I saw Marcus Smith twice personally in the parking lot and also the grandstands which I thought was a class act. He was looking for feedback and opinions either good or bad so he knows how to improve.

My biggest takeaway from this adventure is the HP issue. I personally believe that when the power is restored to these cars along with some adjustments to the gears , the car has potential to put on a good show however it will remain this way until this change happens.

Again, this is my personal opinion and for what it is worth I will try to back my statement by saying I am an aerospace engineer so I would like to think I might understand this a little bit more than some.


All good points, but the horsepower won’t change with the current rules, so maybe the car needs to be a late model as discussed above, short track chassis with lots of HP?


I agree that they are locked with the rules. There are discussions regarding increasing the power however that is a year out due to sourcing parts.
In my opinion, if they increase power and open “some” options with gears I believe it would be the biggest bang for the buck in regards to a better on track product.

Kevin in SoCal

Definitely seems like its a lack of horsepower problem. What are they at now, 650? Lets try 800 on short tracks.
Also, I didn’t realize Larson sped on pit road and came back to the front from the rear. He just hit the right setup then, if he could pass everyone and run away with the field. Sometimes that just happens.


Larson was just on a different level period the whole weekend. I was on the front stretch and his exit coming out of turn 4 was lower than most coming out. He managed his tires better than the rest. When he was not leading, he was sat there for awhile and then when the tire falloff occurred he maintained his times stayed more consistent. He drive off was incredible!
Also remember that he drove a Spire Motorsports truck this weekend. That’s the reason he didn’t do burnouts after he won because he didn’t want to cost the team money and hurt their motor.


You might not of heard one of his interviews. He didn’t give it away after the truck race, but he did say the old cracked track was to his liking due to his dirt background. He had a wry smile, he knew he was going to be really good in the all star. Nobody else came from the back to the front, not even close. He knew all right.
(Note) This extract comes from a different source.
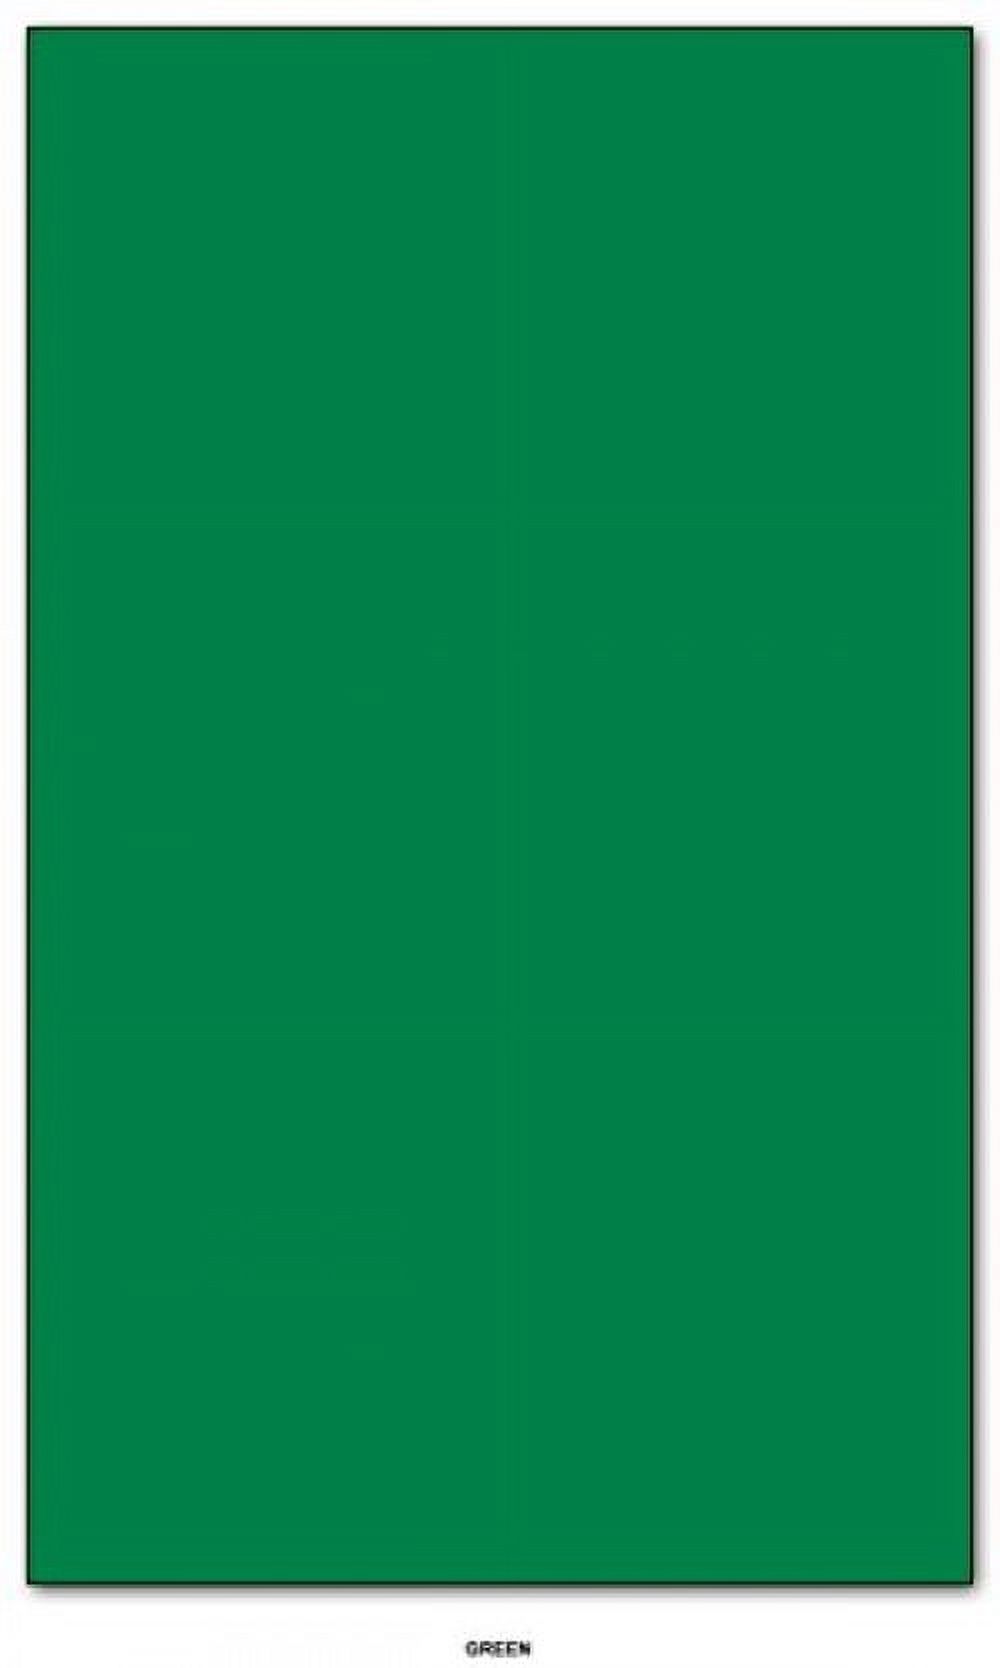 Mohawk BriteHue Bright Color Paper | Green | 24lb Bond / 60lb Text Paper | 8.5" x 14" (Legal Size) | 100 Sheets Per Pack - image 2 of 2

Read my reply to Mack. He knew after the truck race that he would be great here. He wryly said his dirt experience would help him in the cup race. He loves this track.


Not sure it matters much but only 24 cars on track (60% of the normal field) led to fewer lapped cars / opportunities to bunch up the field.

Kevin in SoCal

Plus the all-star race is the top-20 talented drivers in the field instead of including the bottom 20 back markers.

Last edited 1 year ago by Kevin in SoCal

How much do you want to bet that NA$CAR in their finite wisdom drops the HP on the trucks to slow them down? They always do things back asswards.


The trucks should be on Sunday and the Cup contraptions should be on Wednesday.

NA$CAR has to give the drivers an actual “race” car that they can set up to suit the drivers. This is like F1 when Michilin designed their tires for the Ferrari and told the other teams “Make them work!”